新麻雀徒然草第7回「麻雀に一貫性は必要か?」

 この話は10年以上前に取り上げているのであえて触れることもありませんが、「一貫性のある打牌」とは何かで定義するなら、「その打牌が正着だと仮定すると、それ以前の打牌も正着である可能性がある打牌」となるでしょうか。

 何ともややこしい言い回しになってしまいましたが、要は一貫性のない打牌、「その打牌が正着だと仮定すると、それ以前のどこかで必ず誤打があることになる打牌」の逆。つまり一貫性のない打牌とは、自分がミスをしていたことを認める打牌とも言い換えられます。

 将棋棋士の発言をまとめた書籍で、畠山鎮八段の「手の流れからこの手は指せない」。その次のページに久保利明九段の「点で考える」という言葉が紹介されていました。一貫性という言葉を用いるなら、前者は「一貫性の無い手は指せない」後者は「一貫性は不要」となるでしょう。本書は両論併記という形で取り上げられていましたが、私はやはり後者の立場を取りたいと考えます。

 しかし、「一貫性の無い手は指せない」。この感覚自体は麻雀を打っていても痛いほどよく分かります。自分のミスを認めたくない感情というよりは、分かっていても手が動かず、無意識のうちに当初の方針に引っ張られてしまうのです。

 正着を打ち続けているのであれば、その打牌は必然的に一貫性のある打牌になります。その打牌もしくはそれ以前の打牌が誤打であることが確定するのが、「一貫性のない打牌」。誤打が多ければ多いほど、「一貫性のない打牌」が多くなります。実力に劣る多くの打ち手は確かに「一貫性のない打牌」が多いのですから、「一貫性を大事にせよ」という実力者が多いのも無理はありません。

 しかし、「その打牌が正着だと仮定すると、それ以前の打牌も正着である可能性がある打牌」というのは、裏を返せば、「それ以前の打牌に誤打があると仮定すると、その打牌も誤打になりかねない打牌」ということ。誤打が多い人程、一貫性にこだわればなおさら誤打が増えてしまいます。言葉を尽くして説明するのは難しいから、「一貫性」という言葉で説明されるのは分からなくもありませんが、少なくとも麻雀の実力向上を目的とする人へのアドバイスとしては適切ではないでしょう。

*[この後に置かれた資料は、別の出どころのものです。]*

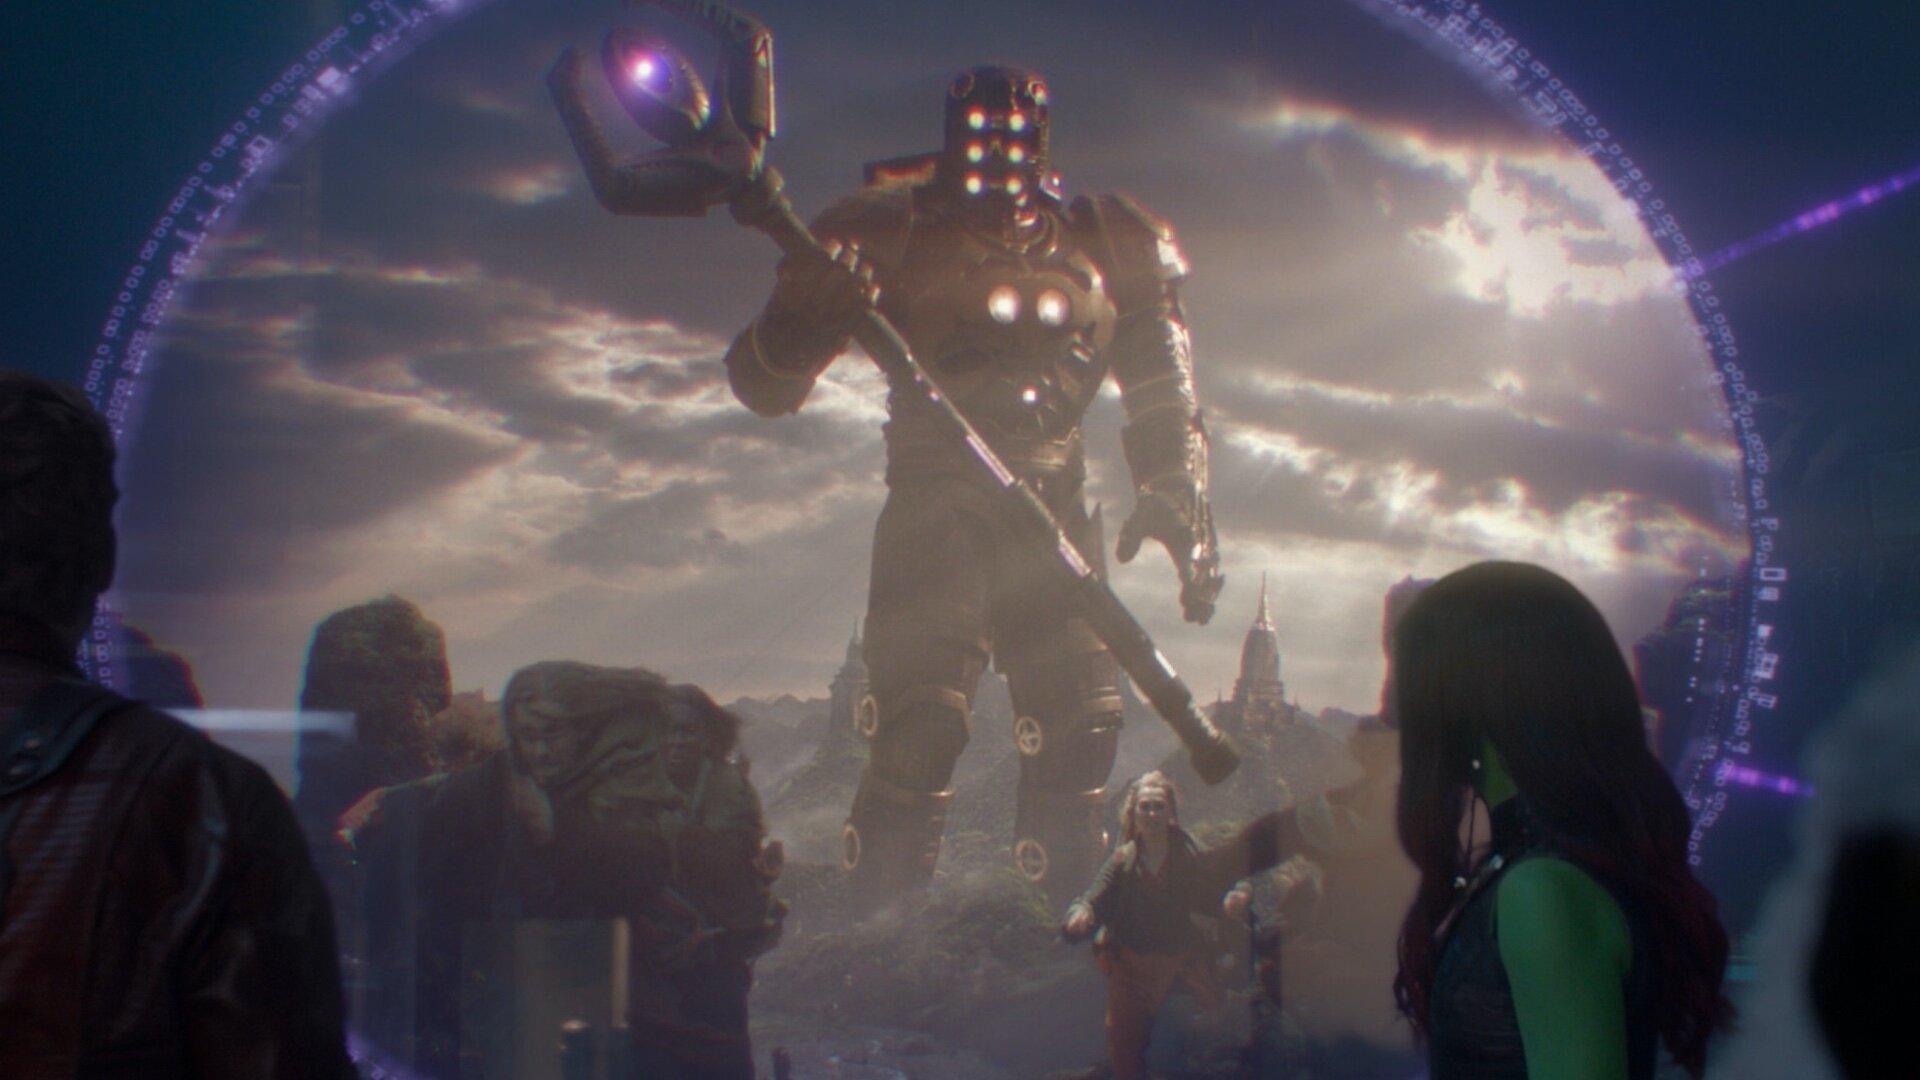 Marvel Studios Shares a Synopsis For ETERNALS
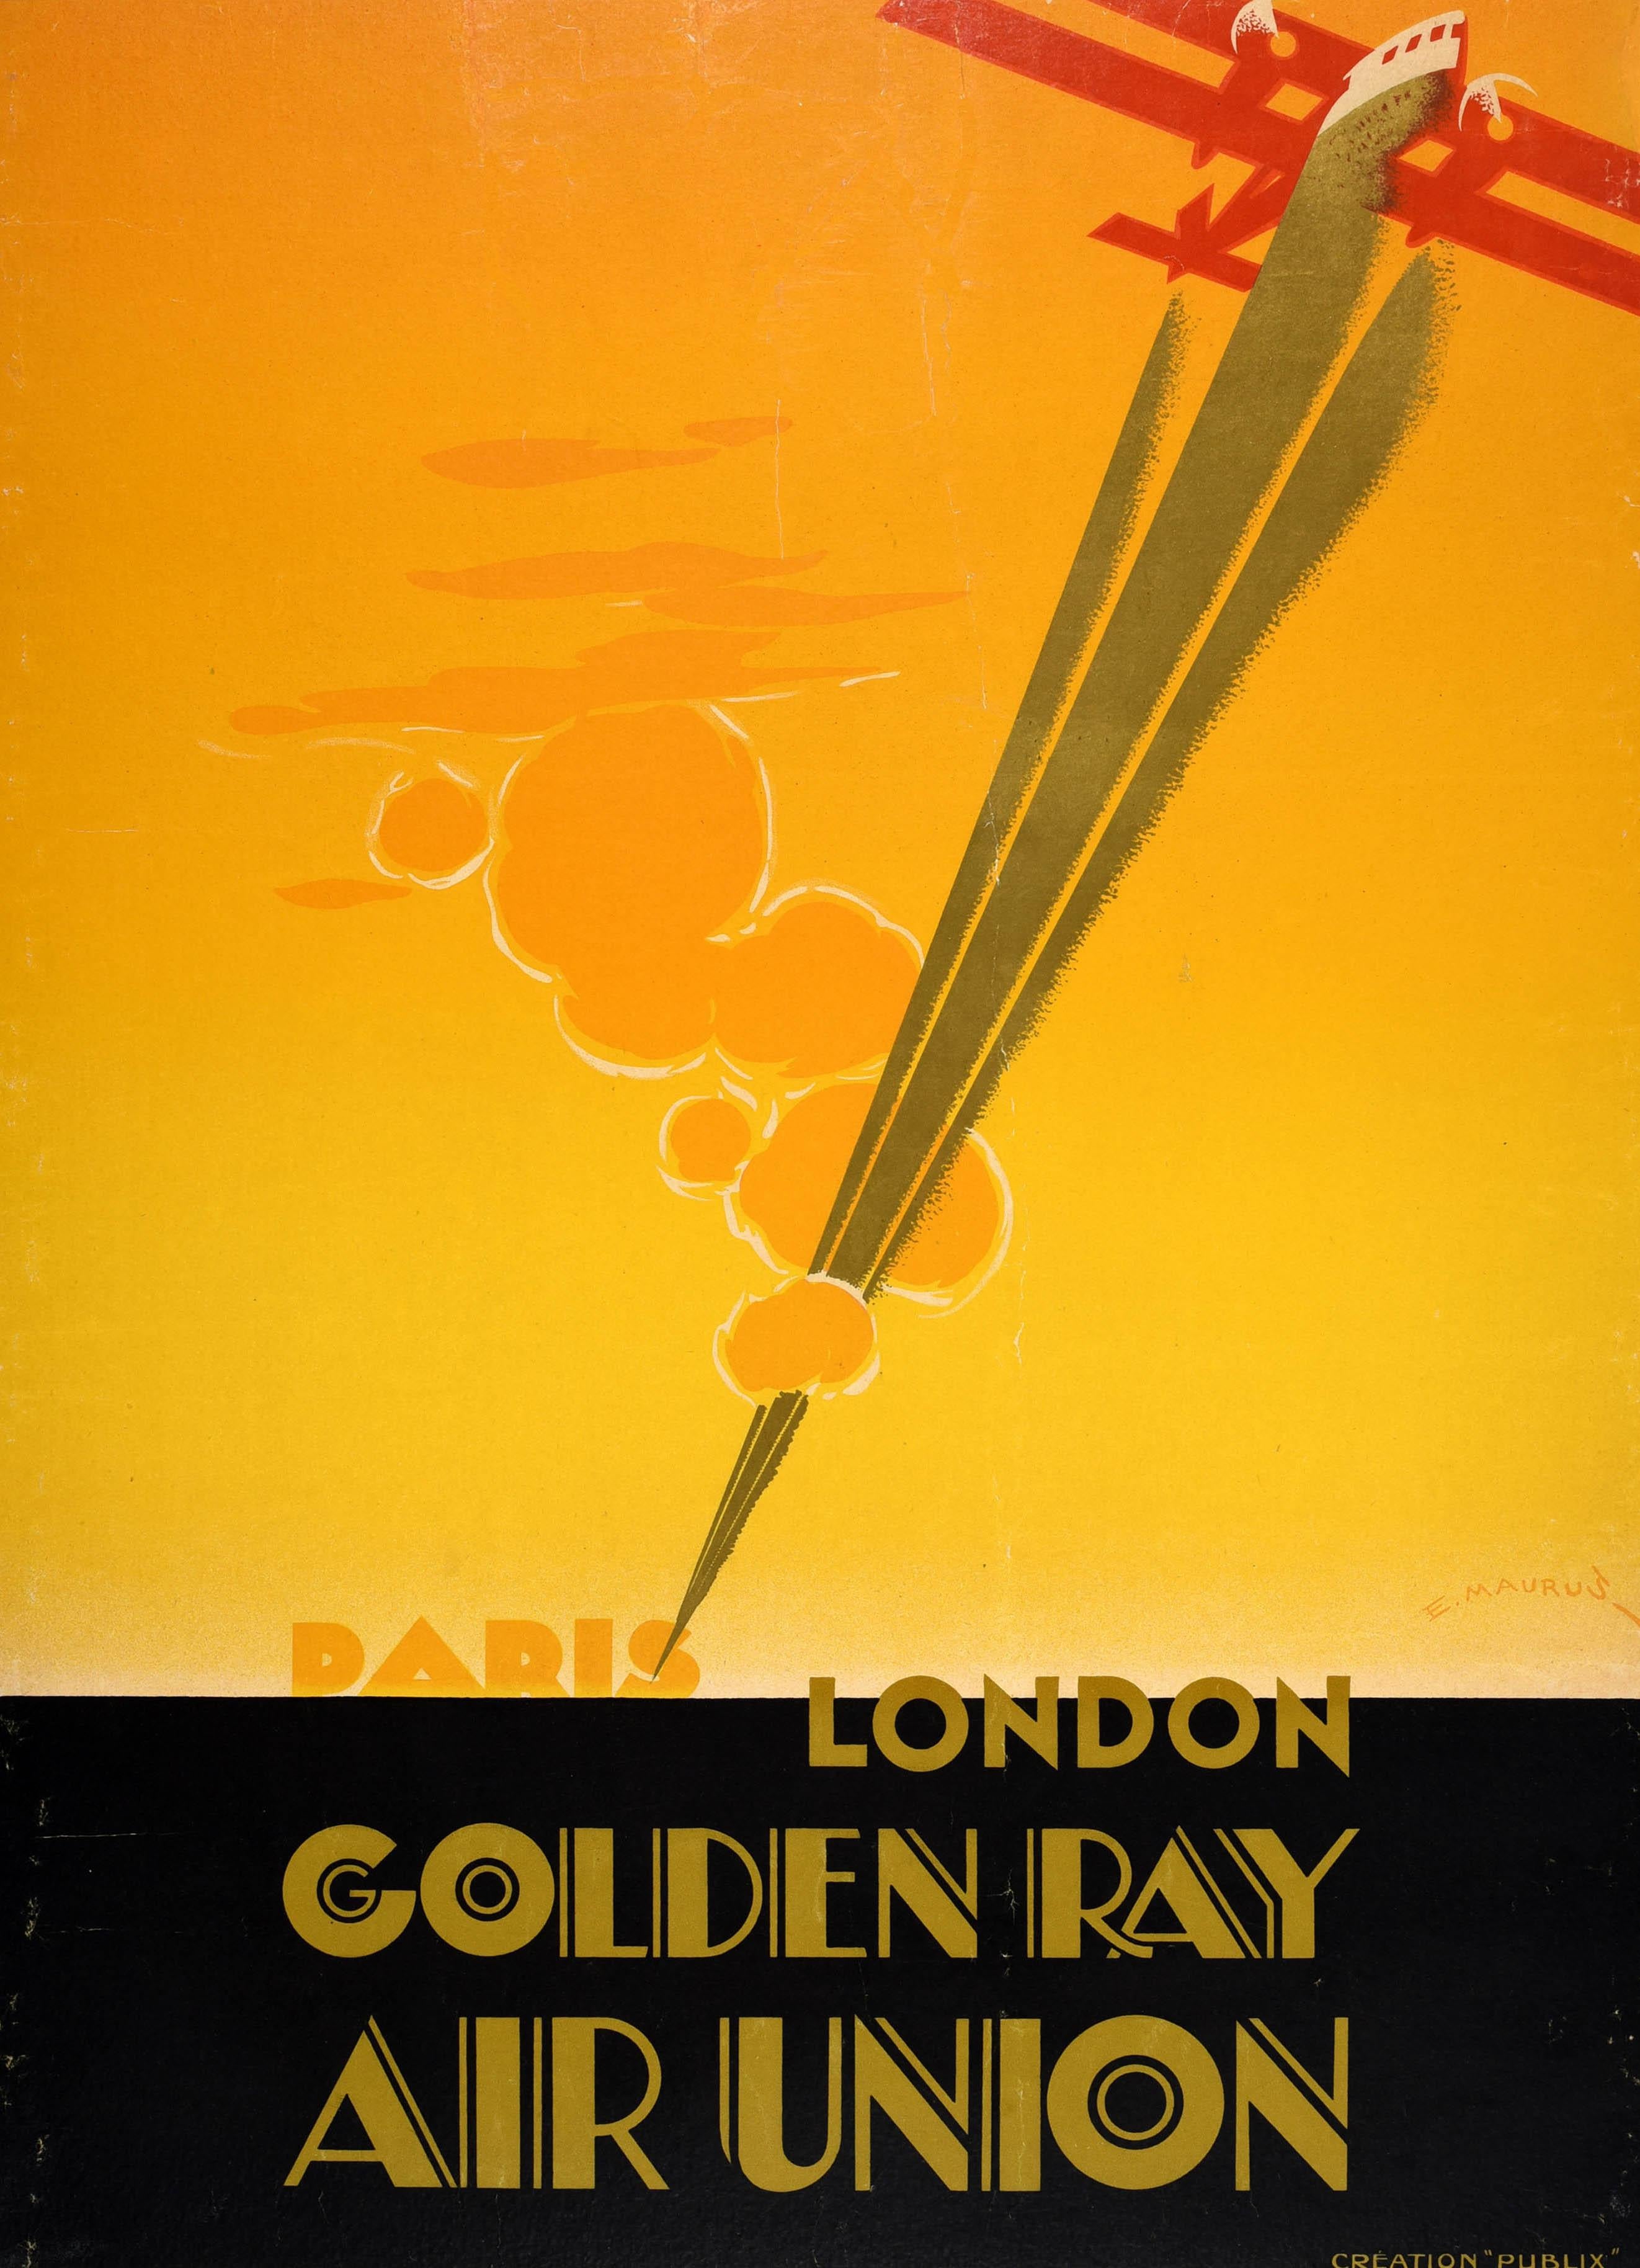 Original vintage travel poster - Paris London Golden Ray Air Union - featuring a stunning Art Deco design by Edmond Maurus (1903-1977) depicting a propeller plane flying at speed through a cloudy yellow and orange shaded sky with the stylised title

 久保九段は「点で考える」と言われましたが、私が一言付け足すなら、「線で把握して点で考える」となりますでしょうか。「一貫性の無い誤打」の原因は、局面を線で把握できていないので、打牌方針が行き当たりばったりになってしまうためです。しかし、「一貫性があるだけの誤打」の原因はまさに、それまでの過程に影響されて、「点で考える」ことができていない為。正着を打てるだけの能力を養うためには、「線で把握できるようになる」ことは必須ですが、実際に正着を打つために必要なのはあくまで「点で考える」ことです。

 「麻雀に一貫性は必要か?」これに対して今の私なら、「いいえ、不要です。しかし、強い打ち手を目指す過程で自然と身に付いてしまうものでもある。」と答えます。一貫性そのものは正着を選ぶうえで足枷になりかねないので、最初から『一貫性は不要』と言い切れるだけの麻雀講座を著せればいいですね。